Мэри Фишер не должна бы удивляться. Она, как мы помним, выросла в канаве, и мать у нее прирабатывала проституцией, но все это Мэри Фишер постаралась вытравить из памяти. Она упорно делает вид, что мир — не то, что он есть на самом деле, и сеет это заблуждение в умах других. Уроки жизни ей не впрок: она не хочет помнить. Она начала писать новый роман — «Чертог желания».

Боббо, сидя в тюремной библиотеке, строит новую жизнь и страдает от депрессии, несвободы и разлуки с Мэри Фишер, точнее с той частью ее тела, о которой у него сохранились наиболее яркие воспоминания. Иногда, в моем воображении, я вижу, как он пытается вспомнить ее лицо. Но черты Мэри Фишер столь заурядны, сколь и совершенны, поэтому запоминаются с трудом. У нее нет своего лица, как и положено женщине.

Что ж, время не стоит на месте: мало-помалу все приближается к намеченному мною концу. Я предпочитаю не доверять судьбе и не слишком полагаться на Бога. Я буду тем, чем я хочу быть, не тем, что Он предначертал. Я вылеплю новый образ себя самой из глины моего собственного замеса. Я отвергаю моего Творца — я сотворю себя заново.
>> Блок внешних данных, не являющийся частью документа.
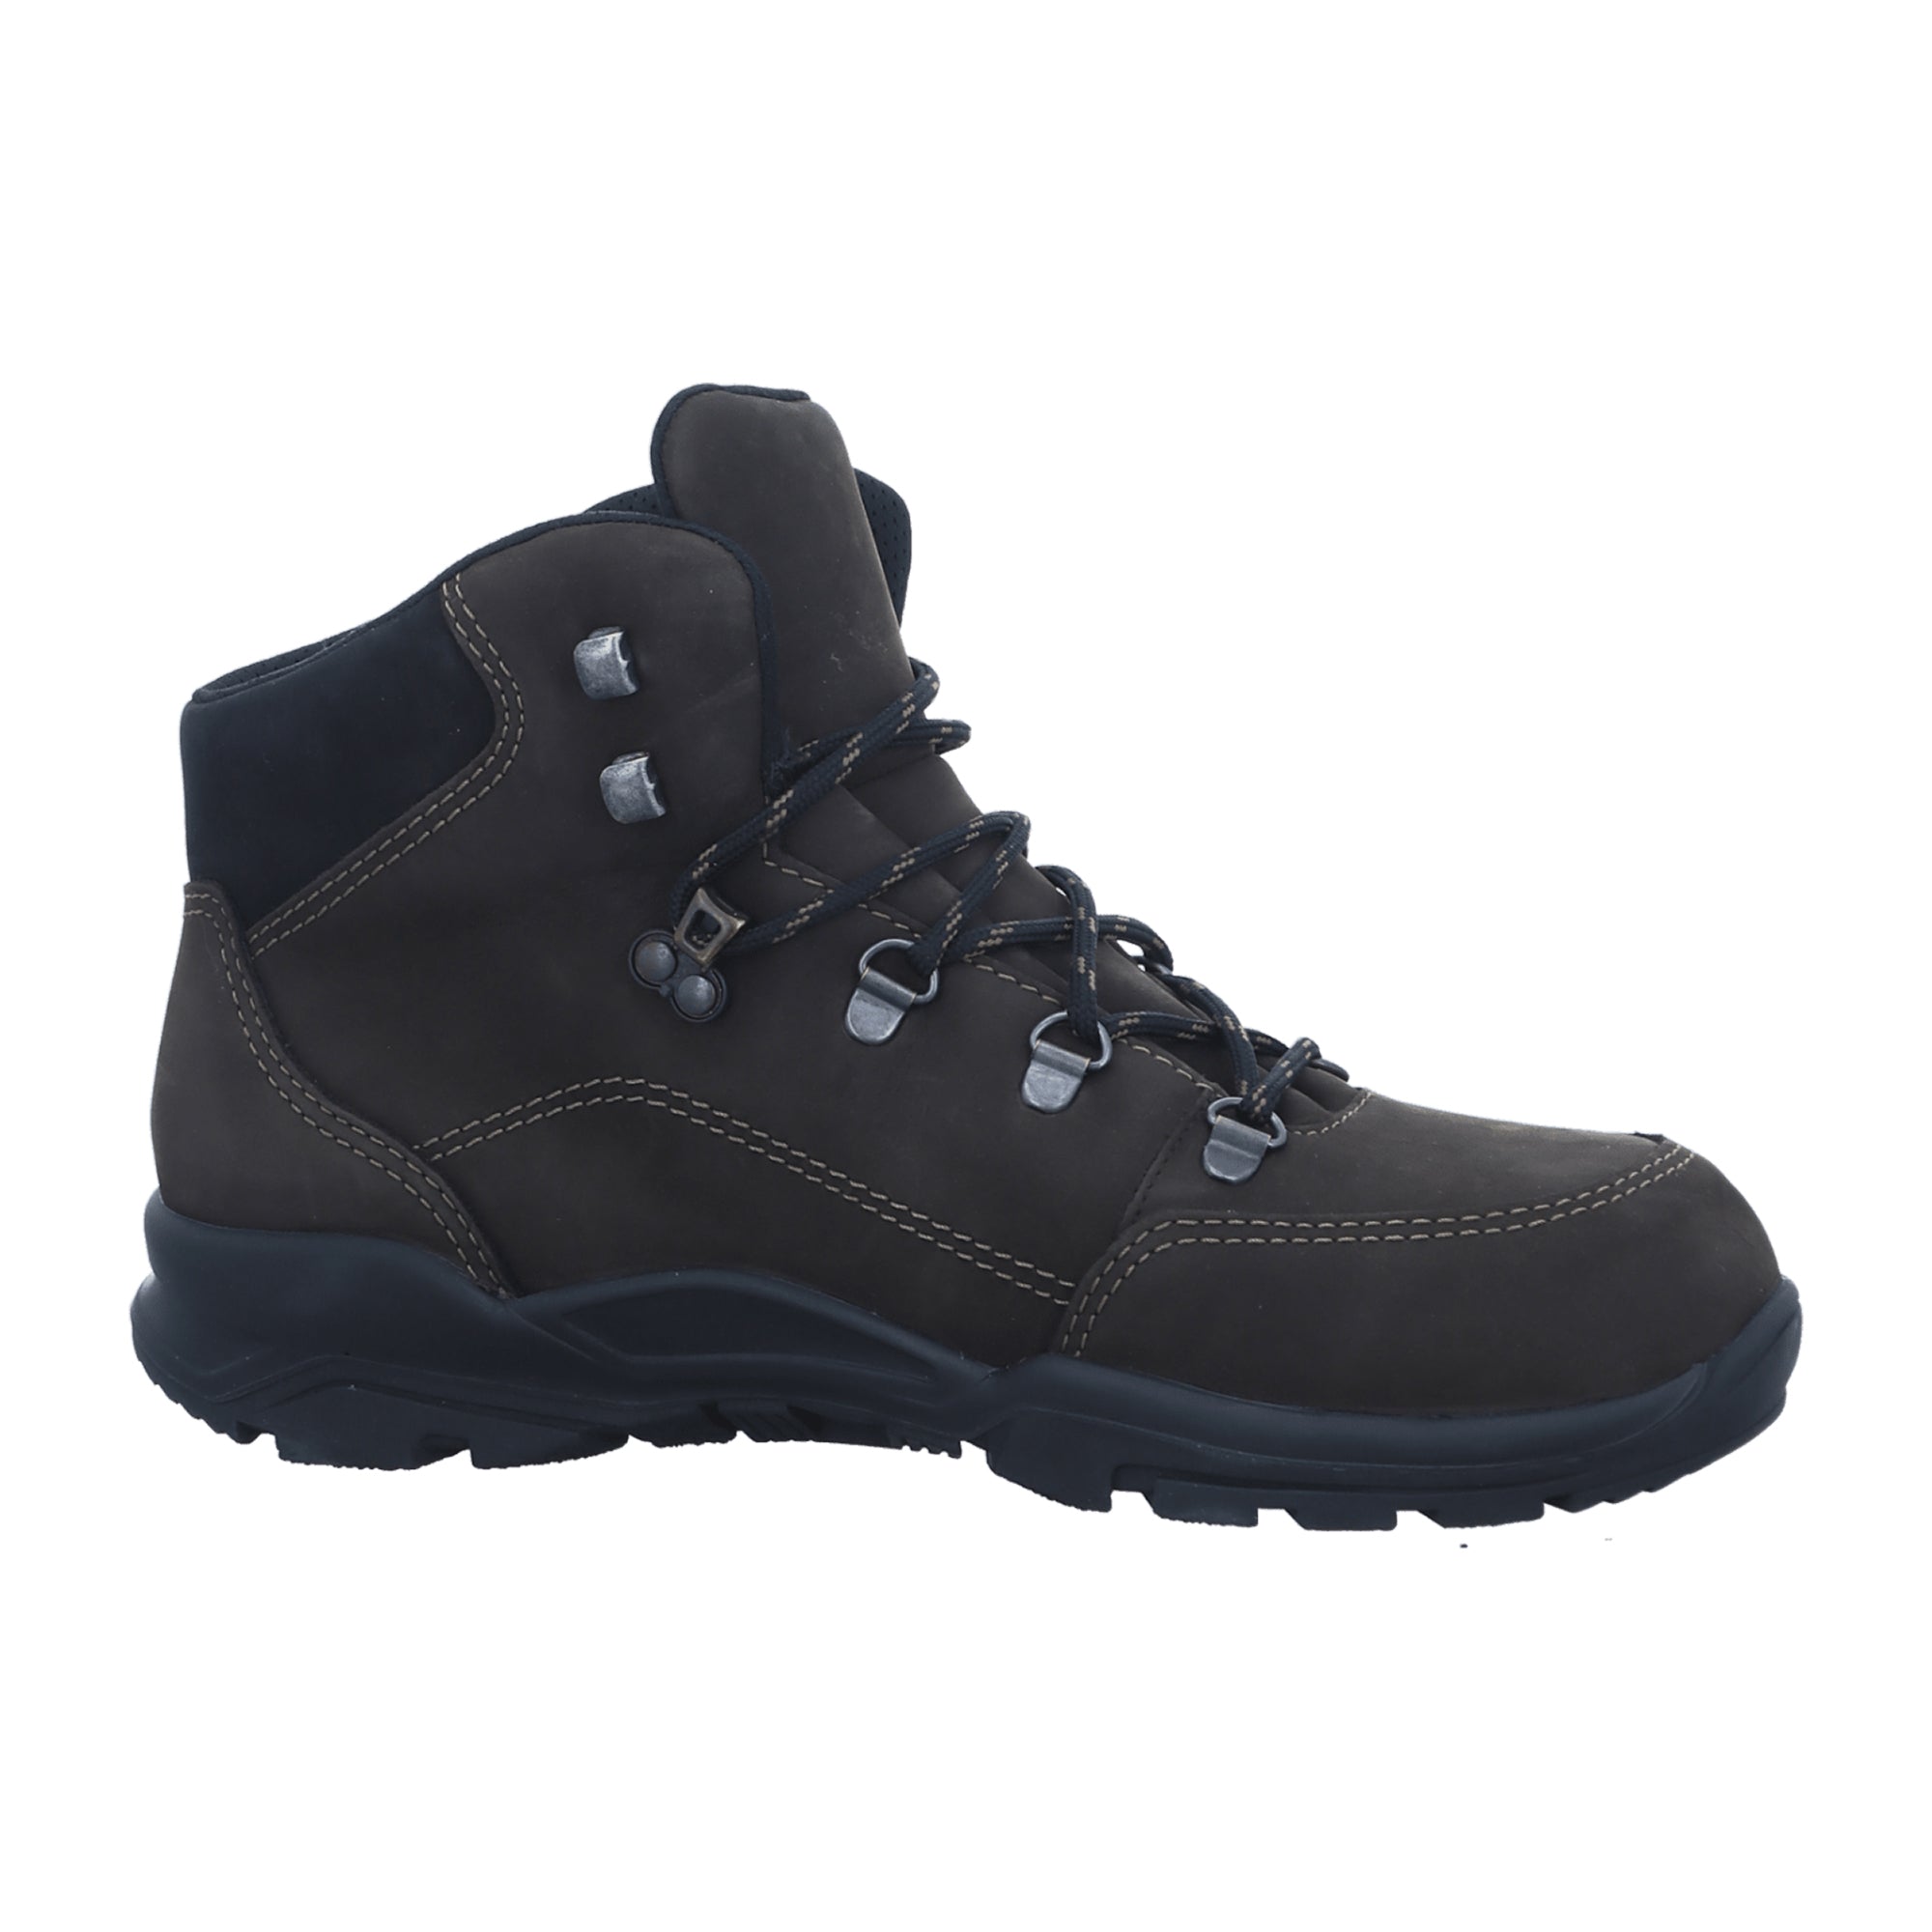 Finn Comfort Tibet Hiking Boots for Men - Durable Outdoor Footwear, Brown

Я сбросила с себя оковы, которые пригибали меня к земле, — оковы привычки, традиции, полового влечения; дом, семью, друзей — все естественные человеческие привязанности. Покуда я с этим не справилась, я не могла стать свободной, не могла сделать первый шаг.

Первым шагом ко Мне Обновленной стало удаление чуть не всех моих зубов. Точнее, вырвано их было не так уж много: каждый второй зуб был сточен до основания. Стачивание причиняло мне такую боль, что как бы судья ни старался, больнее он сделать не мог. Да и последующие ежедневные походы к врачу, обточка, шлифовка — тоже занятие не самое приятное; как, впрочем, и совместное проживание с судьей.

Il faut souffrir,[1] как я объясняла ему, если хочешь получить желаемое. Чем больше хочешь, тем больше страдаешь. Хочешь иметь все — выстрадай все. И, конечно, лишь сожаления достойны люди, страдающие просто так, не по делу. Пример перед глазами — леди Биссоп.

Мне было нужно, чтобы Боббо получил большой срок, поскольку и мне предстоял долгий срок. Я хотела, чтобы его, так сказать, на время заморозили, пока я не буду готова встретить его, как подобает.

Бывает, я сама себе удивляюсь: как я могу с таким безразличием относиться к душевному дискомфорту — не скажу «страданиям», потому что Боббо сыт, обогрет, избавлен от каких бы то ни было обязанностей, — человека, от которого я родила детей и который столько времени провел внутри меня. Самый факт, что я этому удивляюсь, тревожит меня. Я не до конца дьяволица. У дьяволицы нет воспоминаний. Каждое утро она рождается заново. Она живет лишь сегодняшними, не вчерашними чувствами — и она свободна. Какой-то ничтожной частичкой, остающейся во мне, я все еще женщина.

Дьяволица счастлива: у нее прививка против мук памяти. В миг своего преображения — из женщины в не-женщину — она сама делает себе инъекцию. Вонзает длинную острую иглу воспоминаний в живую плоть, прямо в сердце, и выжигает его. Какое-то время боль зверская, нестерпимая, зато потом — ничего.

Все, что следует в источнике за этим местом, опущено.